Plus d'interactions avec le produit
La particularité de l'IoT est de coupler objet physique et numérique. "Pour concevoir un bel objet connecté, il faut partir du besoin de l'utilisateur autour de l'objet, la technologie ne vient qu'ensuite se construire autour", estime Inès Le Bihan, auparavant designeuse chez Xiaomi où elle a participé à la conception d'une balance connectée aux angles arrondis : "L'objet ne devait pas faire plus de 2 centimètres d'épaisseur et supporter 150 kilogrammes. Pour faire face à cette contrainte, nous avons ajouté une plaque métallique, que nous avons ensuite découpé pour ne pas recouvrir l'antenne transmettant les données en Bluetooth." Pour Nuki, la plus grande difficulté dans le design d'un objet connecté reste le hardware, en particulier la batterie. Savoir où la mettre et comment prévoir son rechargement détermine le design de l'objet.
Si ces règles semblent immuables, le design des objets connectés évolue au fil des années. "Au départ, les fonctions de l'objet n'étaient pas sur le support mais dans l'application. Le device était donc construit avec peu de boutons. Aujourd'hui, des fonctionnalités doivent pouvoir s'effectuer directement via l'objet. Il faut donc ajouter des voyants ou des écrans pour permettre une interaction", raconte Pierre Garner, pour qui la conception du design est aussi le moment de penser à la durabilité du produit et à sa recyclabilité. "L'usage des objets connectés évolue de la même manière que celui des smartphones", renchérit Harald Gründl, de l'agence EOOS.
Bigben, entreprise française conceptrice de produits audio, fait évoluer ses enceintes en fonction des tendances, notamment l'usage de la voix pour commander ses appareils. "L'objet connecté doit répondre à un besoin, il doit faciliter la vie de son utilisateur.
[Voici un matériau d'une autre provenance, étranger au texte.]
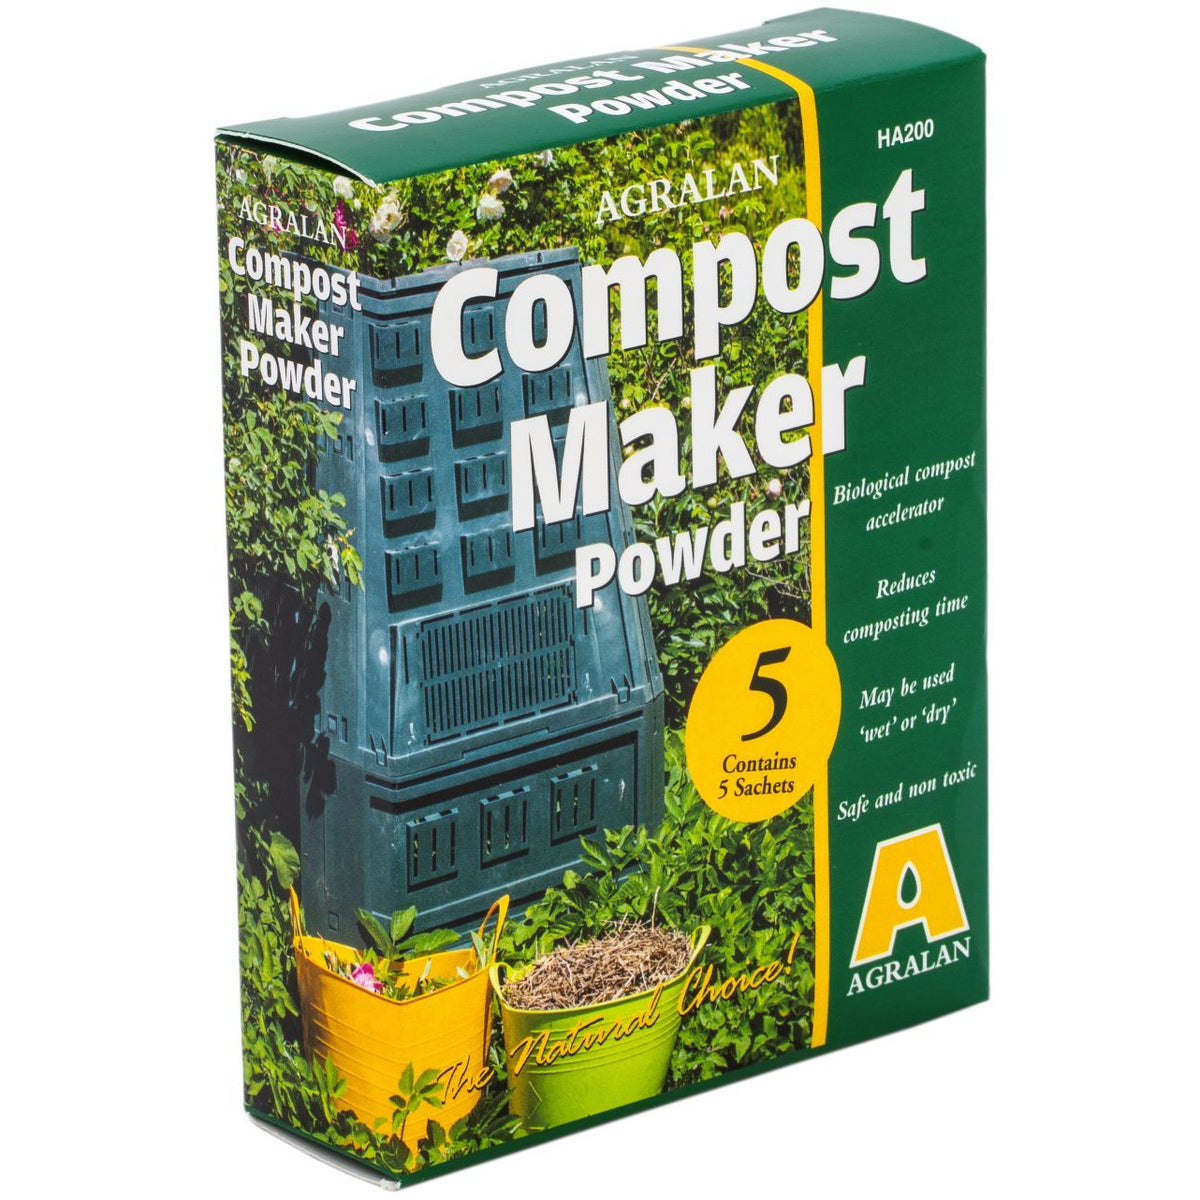 Accélérateur de compost Gardol (5 kg, contenu suffisant pour: 6 m³)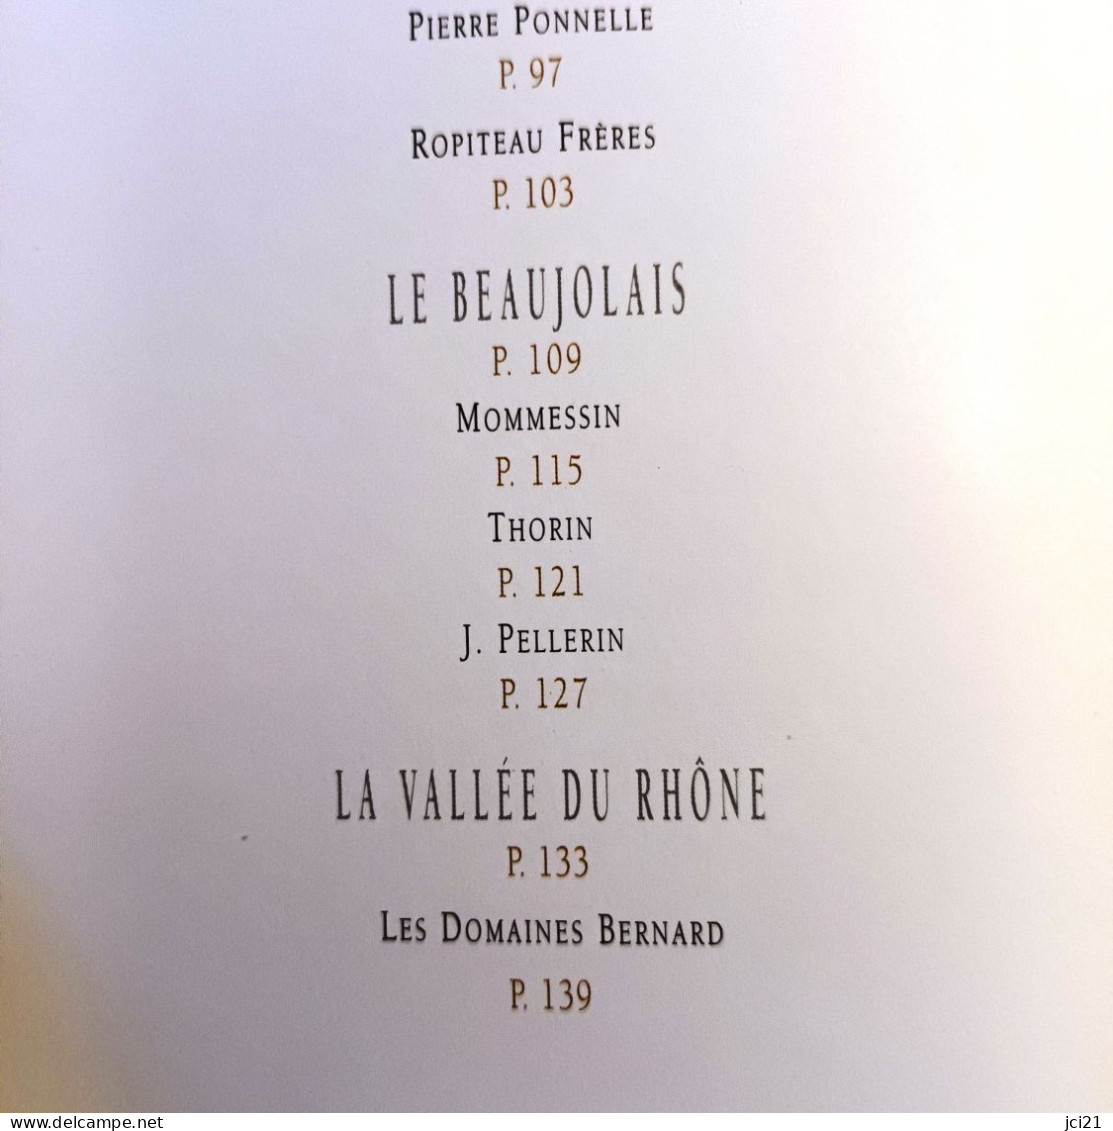 Opuscule de 197 pages sur la " Famille des grands vins " Maison BOISSET Nuits Saint Georges _RL208a -k

Nous portons une attention particulière au design de nos produits connectés pour qu'ils puissent être utilisés avec ou sans application afin que le plus grand nombre de personnes soit conquis", indique Fabrice Lemesre, directeur général de Bigben. Une évolution également envisagée chez Nuki. L'entreprise autrichienne a choisi de ne faire figurer qu'un seul bouton sur sa serrure connectée. Et Jürgen Pansy, responsable produit, de conclure : " Peut-être que demain il n'y aura qu'un microphone pour ouvrir une porte à la voix."